Bactrocera carambolae often feed prior to depositing eggs under the skin of a fruit, therefore you can characterize a fruit that has been fed on by the likelihood of dark spots, or imperfections. Dark spots on the skin of fruits are induced by the female carambola fruit fly laying her eggs. Sometimes there may be no symptoms of infestation on the outside of the fruit following feeding, however dark spots are seen especially on carambola, cherry and guava fruits. Carambola fruit flies prefer to feed on tropical fruits, such as mangos, papayas, and oranges, using their proboscis to pierce the skin and suck liquids from the underlying flesh.

=== Mating and pheromones ===
Only adult B. carambolae are capable of mating through sexual reproduction, although the larval stage is capable of producing pheromones to a certain degree. Male B. carambolae are strongly attracted to methyl eugenol (ME), which is a secondary plant compound found worldwide. As they feed on this compound, they convert it into a phenylpropanoid known as (E)-coniferyl alcohol (ECF). This new compound is stored in the rectal gland of the male, ready to be released as a sex pheromone during courtship. Endogenous production of major compound 6-oxo-1-nonanol, and minor compound N-3-methylbutyl acetamide, also contribute to courtship and reproduction. They are stored in the male rectal gland, and when released into the air they create upwind flight via zigzag movement, attracting a significant number of female B. carambolae for courtship. The production of all three endogenous compounds increase with age, reaching its maximum at sexual maturity. The mating period of this species correlates with the time of dusk.

=== Predators ===
The endogenous volatile, 6-oxo-1-nonanol, produced by male B. carambolae is also used a deterrent for predators, such as several species of gecko. The production of this endogenous compound is age-related. The gecko is an avid consumer of immature carambola larvae, however their consumption greatly decreases when it comes to sexually mature male B. carambolae. This effect is also seen on female B. carambolae, who do not naturally create 6-oxo-1-nonanol, when extracted male volatiles are topically applied to the thorax.

== Impact ==
Bactrocera carambolae threaten the economy, diversity, food security, and human health. Total crop failure is common in regions that have been hit with intense fruit fly invasions. The economic losses through invasions by the carambola fruit fly, and those alike, raise a major concern for farmers and government agencies. The plant hosts that are most commonly affected, such as papaya, mango, avocado, are of economic importance. Along with carambola fruit fly invasion comes the risk of increased pesticide and how those chemicals have negative consequences for the environment. In Brazil B. carambolae has been found in 21 host fruits, and is at great risk for dispersal of these pests due to the year-round high temperatures and being a major sector for fruit farming.

== Prevention and control ==
Amazonian isolates of Metarhizium, entomopathogenic fungi, are an effective tool in the control of B. carambolae. In both non-sterile and sterile soil treated with Metarhizium, B. carambolae larvae and pupae perish, and those that do not perish, but grow into adults, decease within five days of emergence from the soil. It is important to consider that carambola fruit flies are highly fertile and long-lived when considering prevention and control techniques.
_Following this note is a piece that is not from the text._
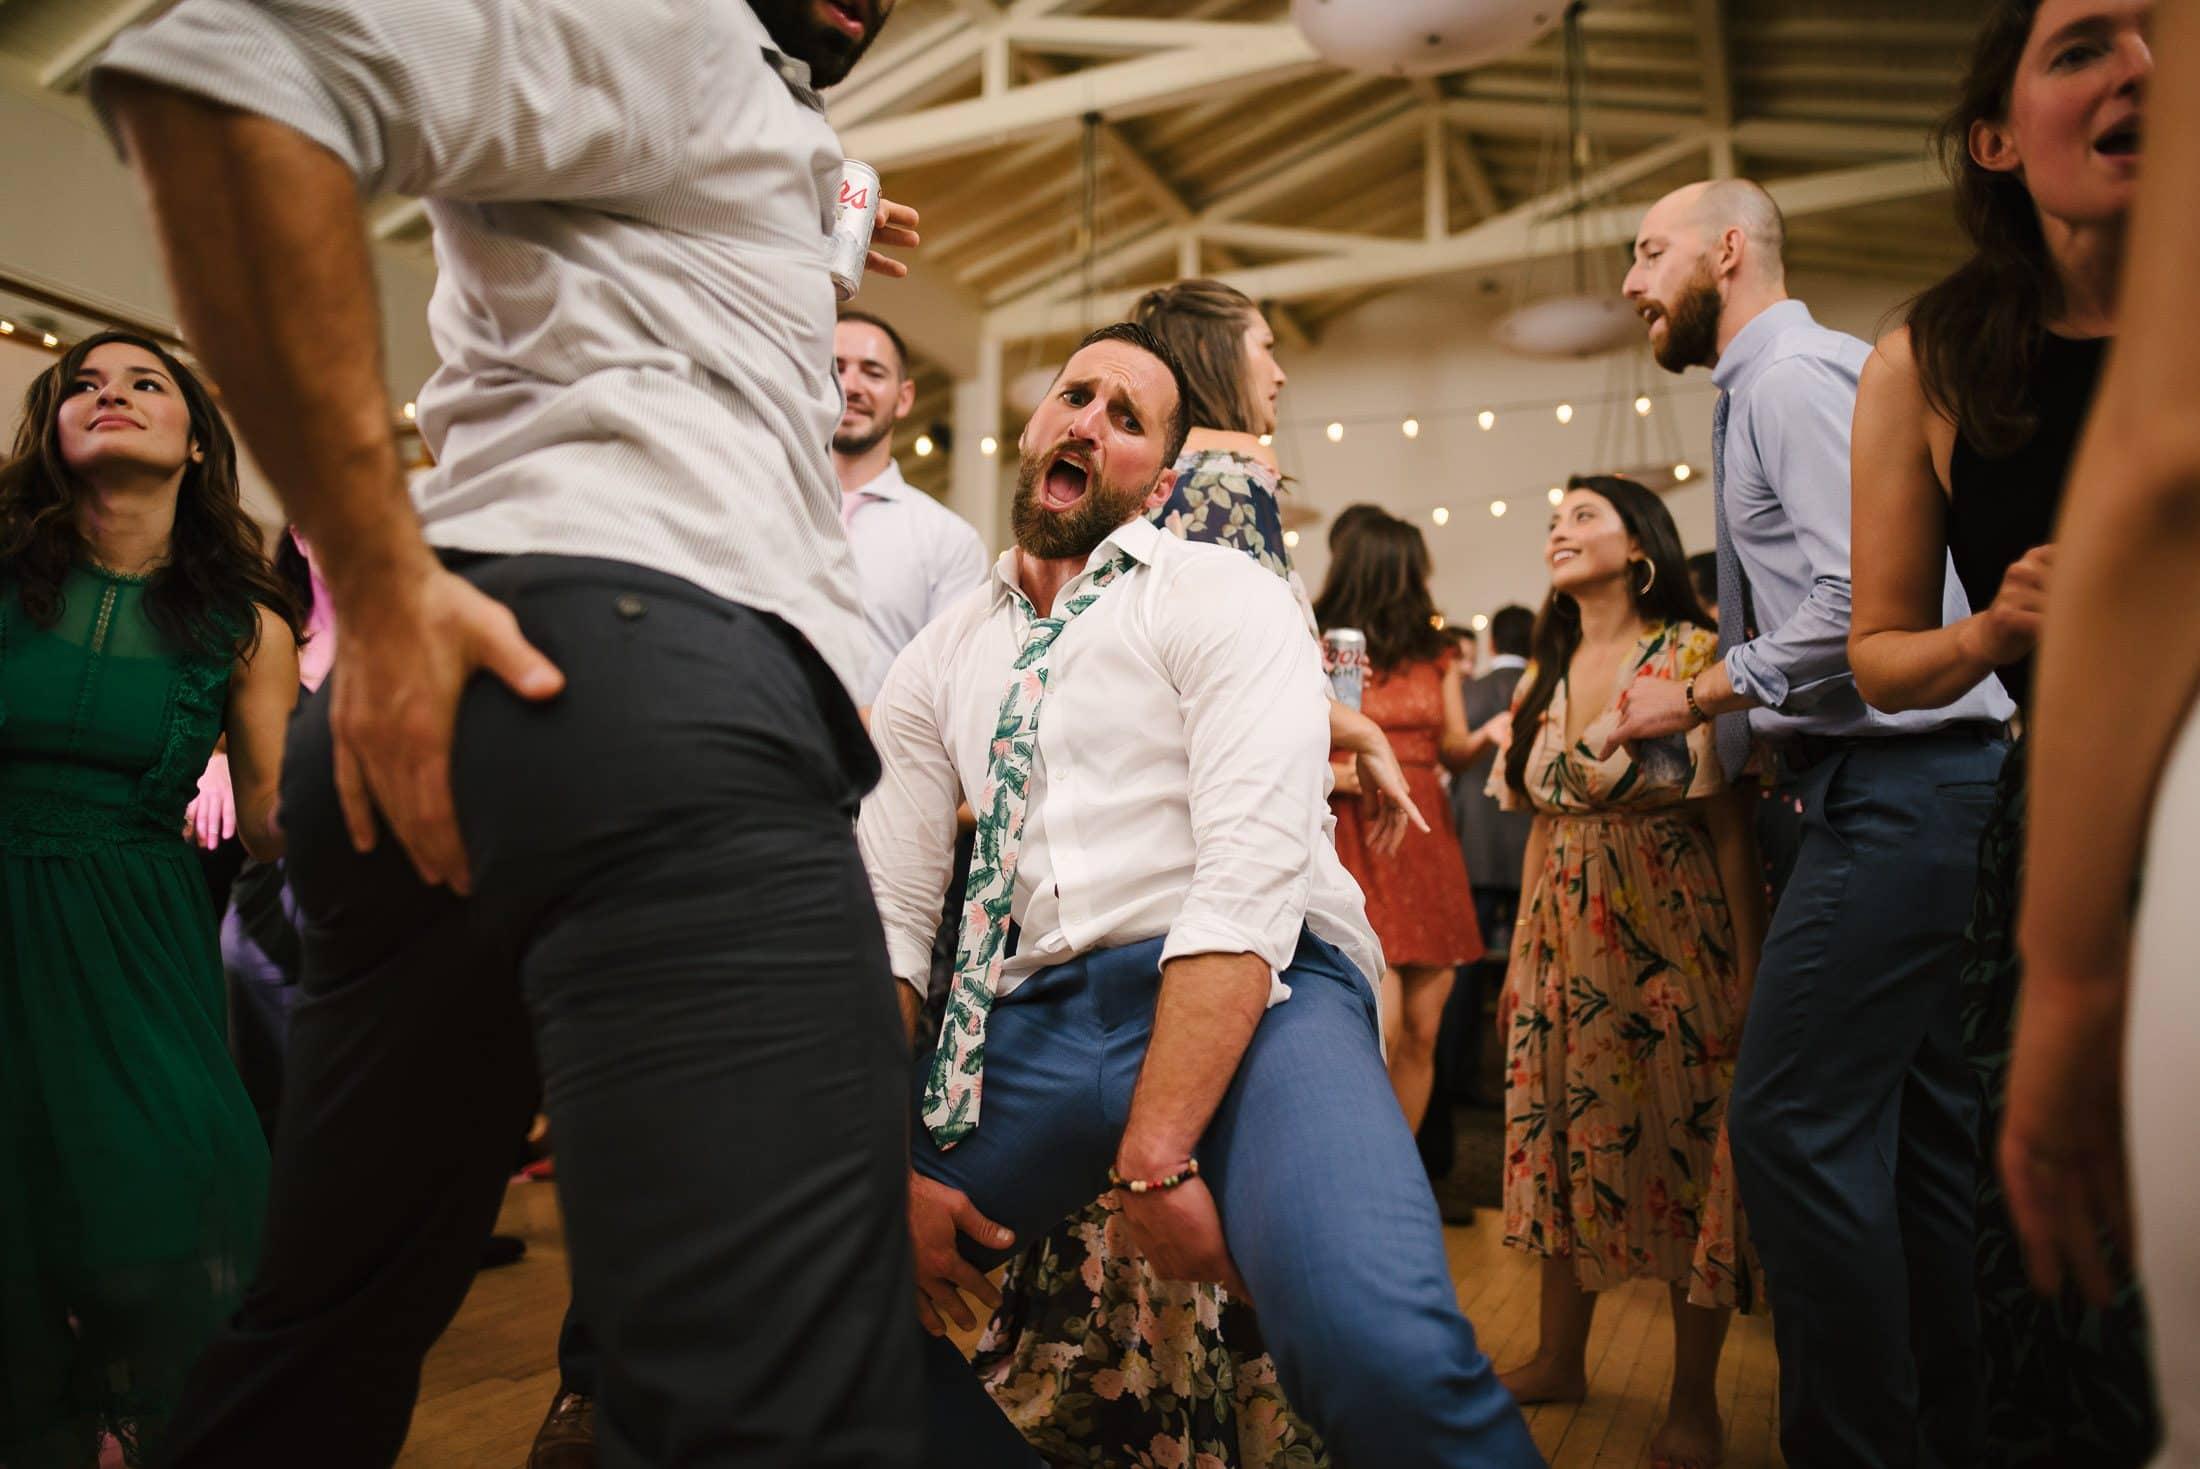 Golden Gate Club Wedding Party

Wrapping fruit in newspaper, brown paper bag, or a sleeve, is one of the most effective control methods. Wrapping provides a physical barrier to the skin of the fruit, inhibiting the deposition of eggs. This method becomes even more effective when the fruit is wrapped before ripening, as most B. carambolae attack following ripening.

Bait sprays are more environmentally acceptable variants of chemical control compared to cover sprays, and consist of an insecticide and a protein bait. B. carambolae are attracted to the scent of ammonia present in the insecticide, therefore it can be applied to only a small amount of spots in a crop and remain effective.